## Task brief
When you return the data, keep every line exactly as it is and leave out the pictures.

## Data shown
=-=-=

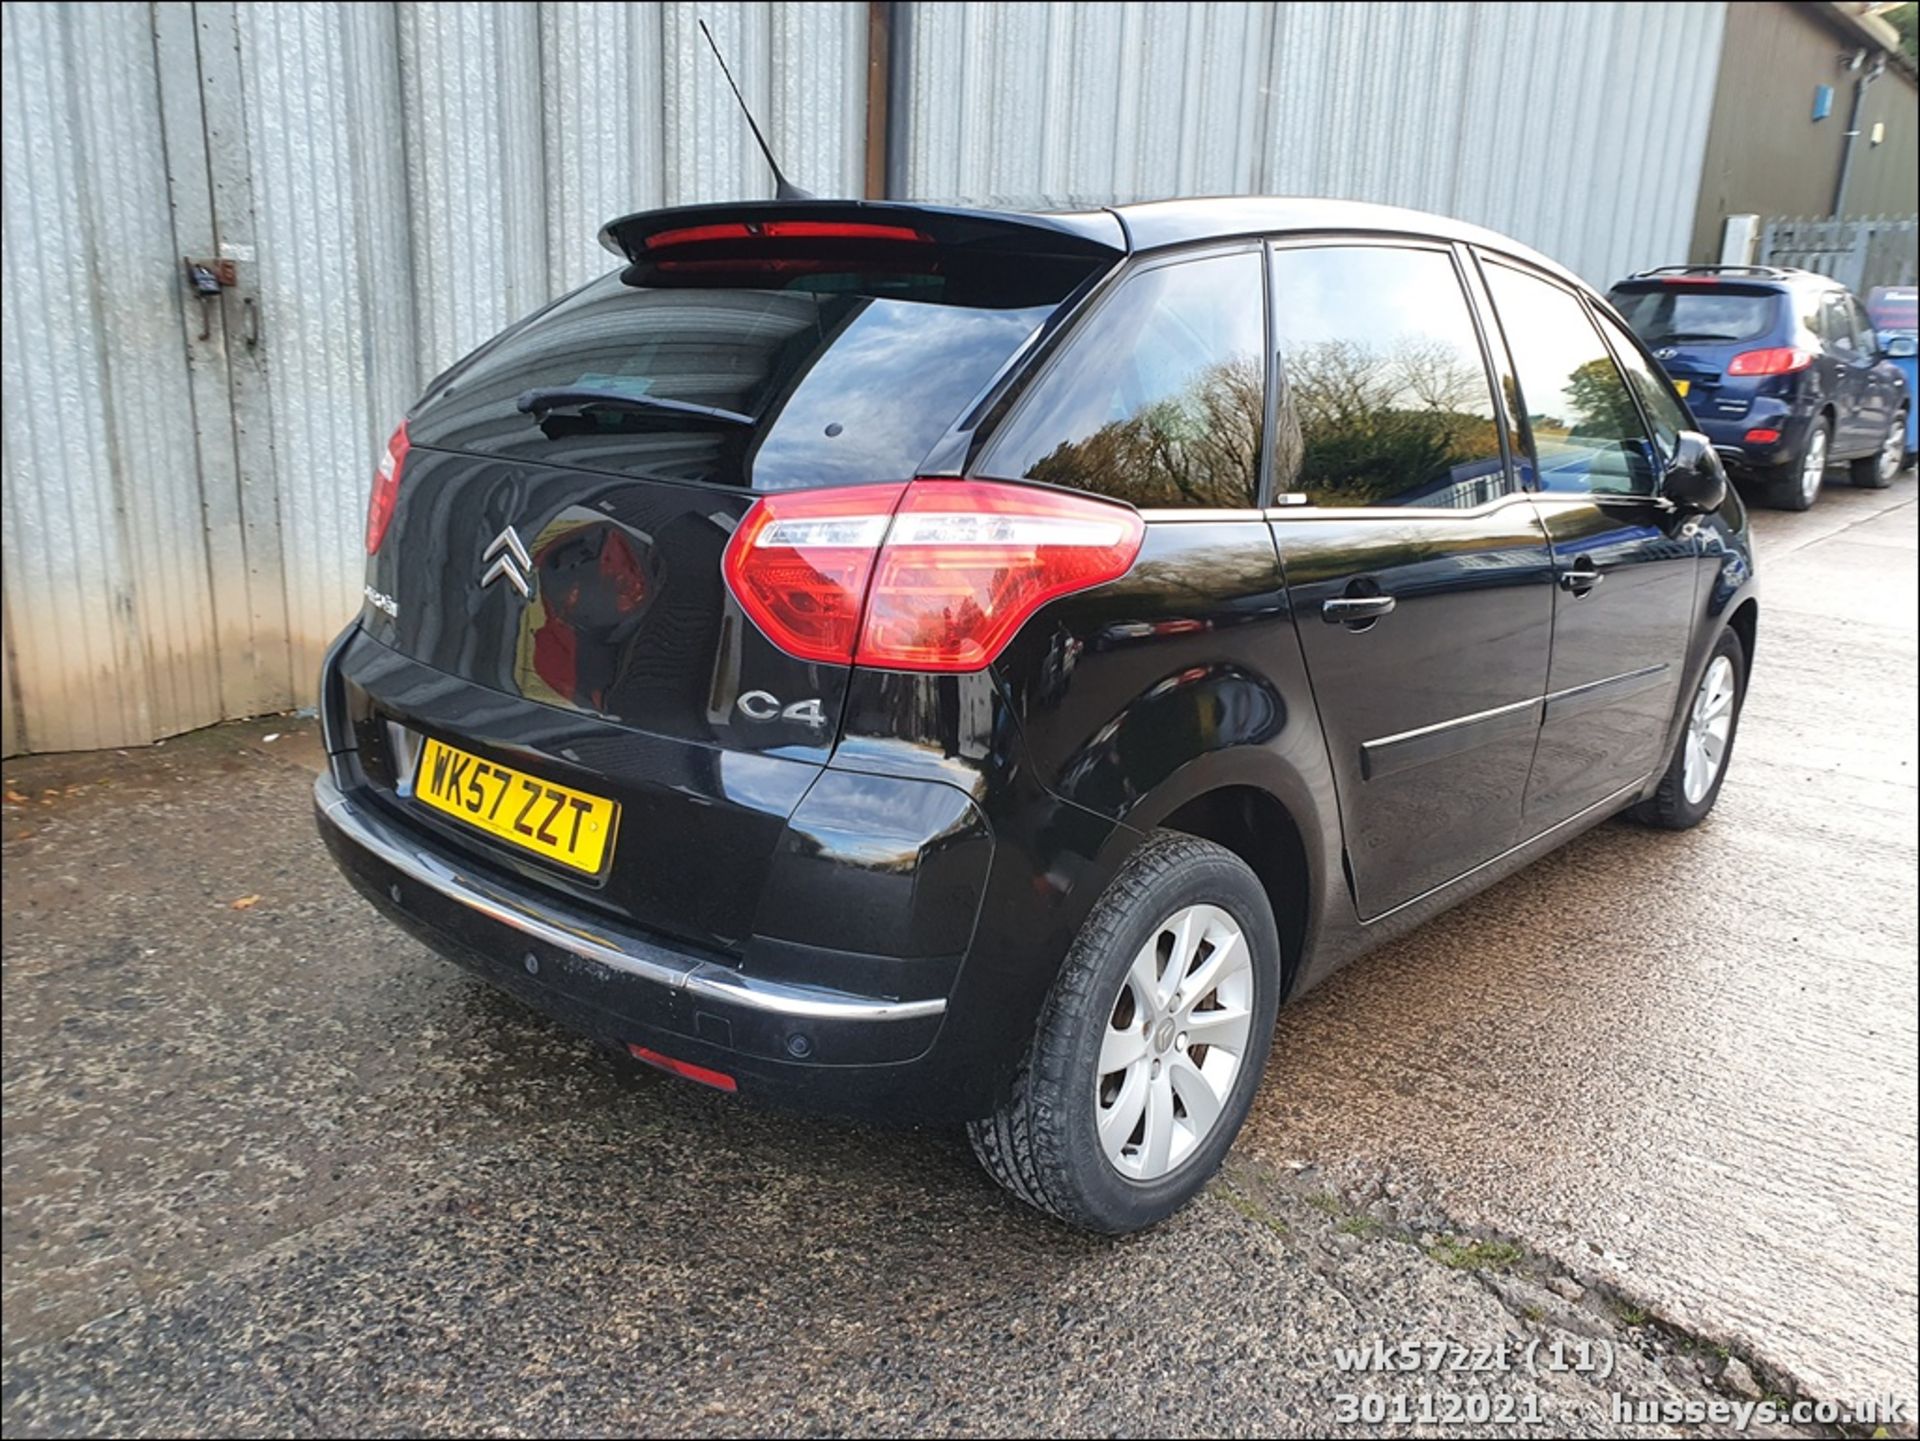 07/57 CITROEN C4 PICASSO 5 EXCL HDI EGS - 1560cc 5dr MPV (Black, 120k) - Image 11 of 29
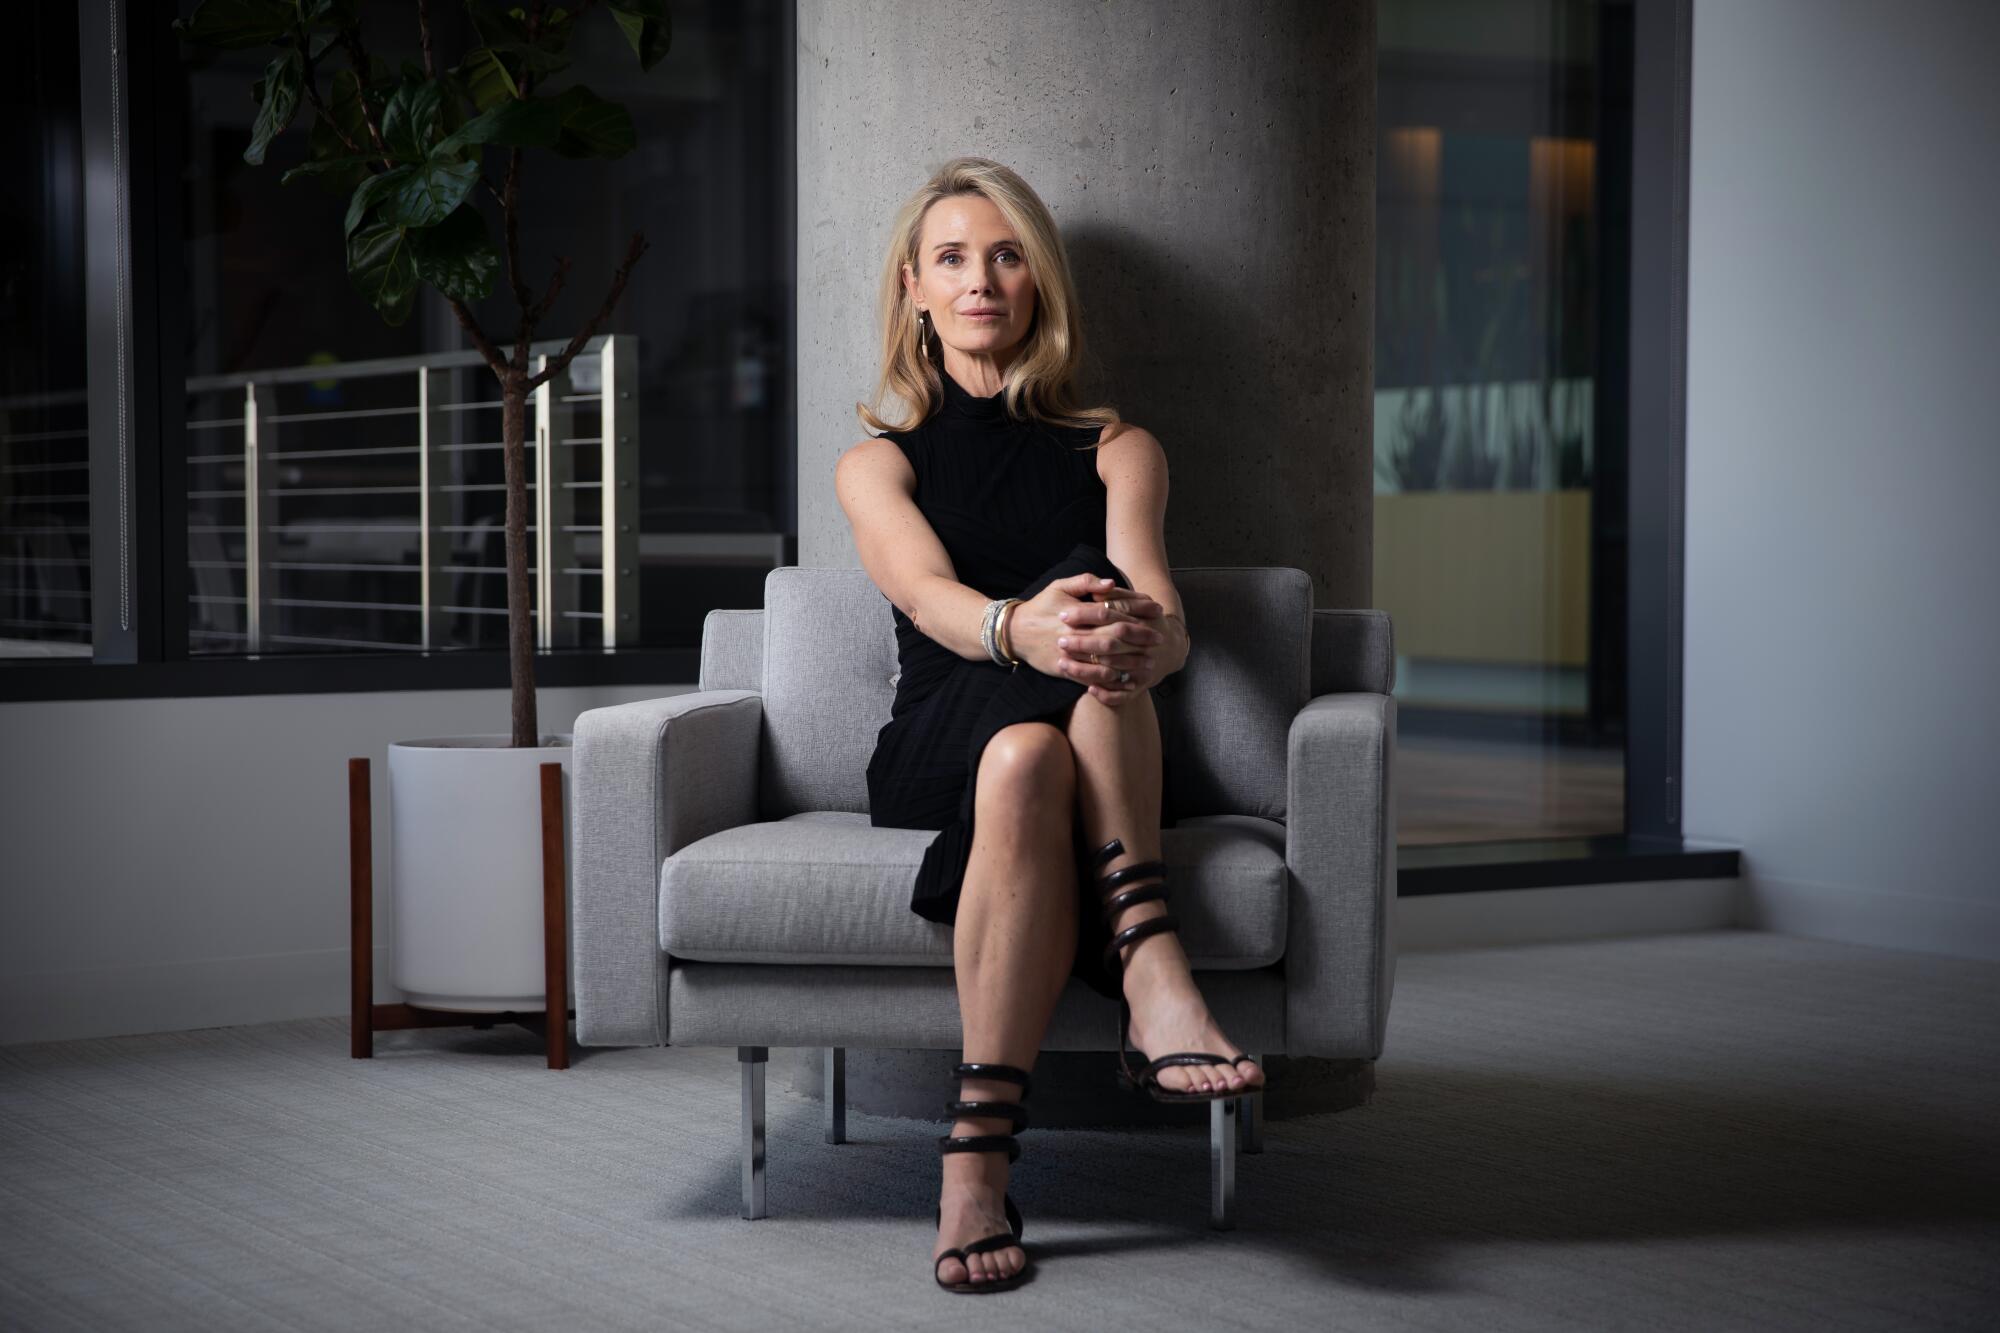 Jennifer Siebel Newsom sitting with legs crossed, hands on one knee, in a gray room
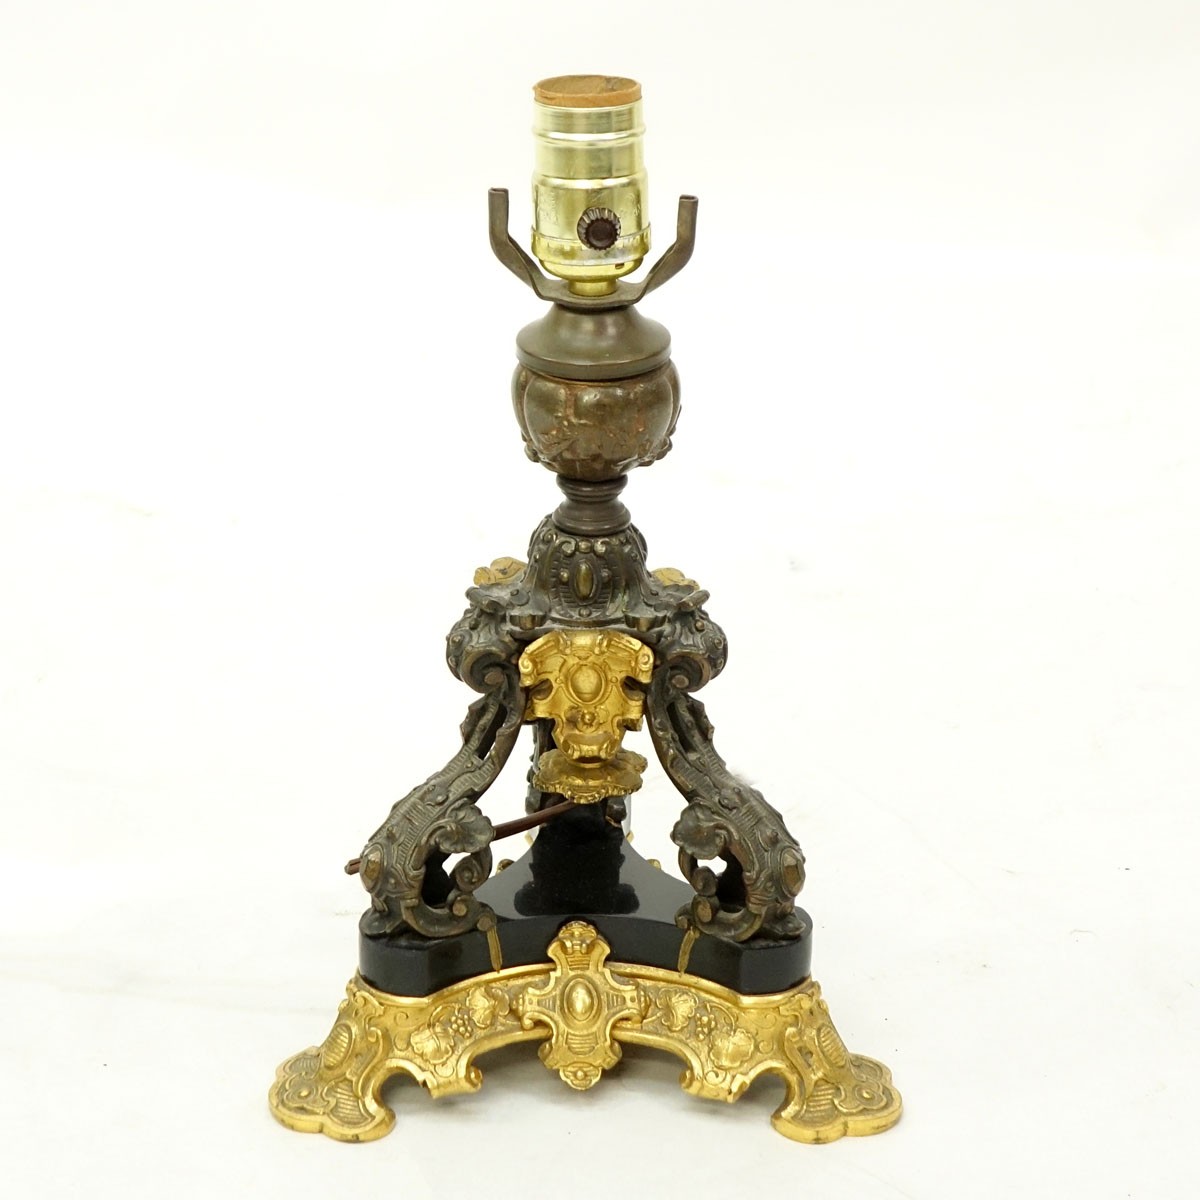 20th Century French Empire Style Gilt and Patinated Bronze Lamp with Marble Insert. Rubbing to bronze, restorations to marble.

=-=-=

## Written reply
 07/57 CITROEN C4 PICASSO 5 EXCL HDI EGS - 1560cc 5dr MPV (Black, 120k) - Image 11 of 29
 Jennifer Siebel Newsom sitting with legs crossed, hands on one knee, in a gray room
 20th Century French Empire Style Gilt and Patinated Bronze Lamp with Marble Insert. Rubbing to bronze, restorations to marble.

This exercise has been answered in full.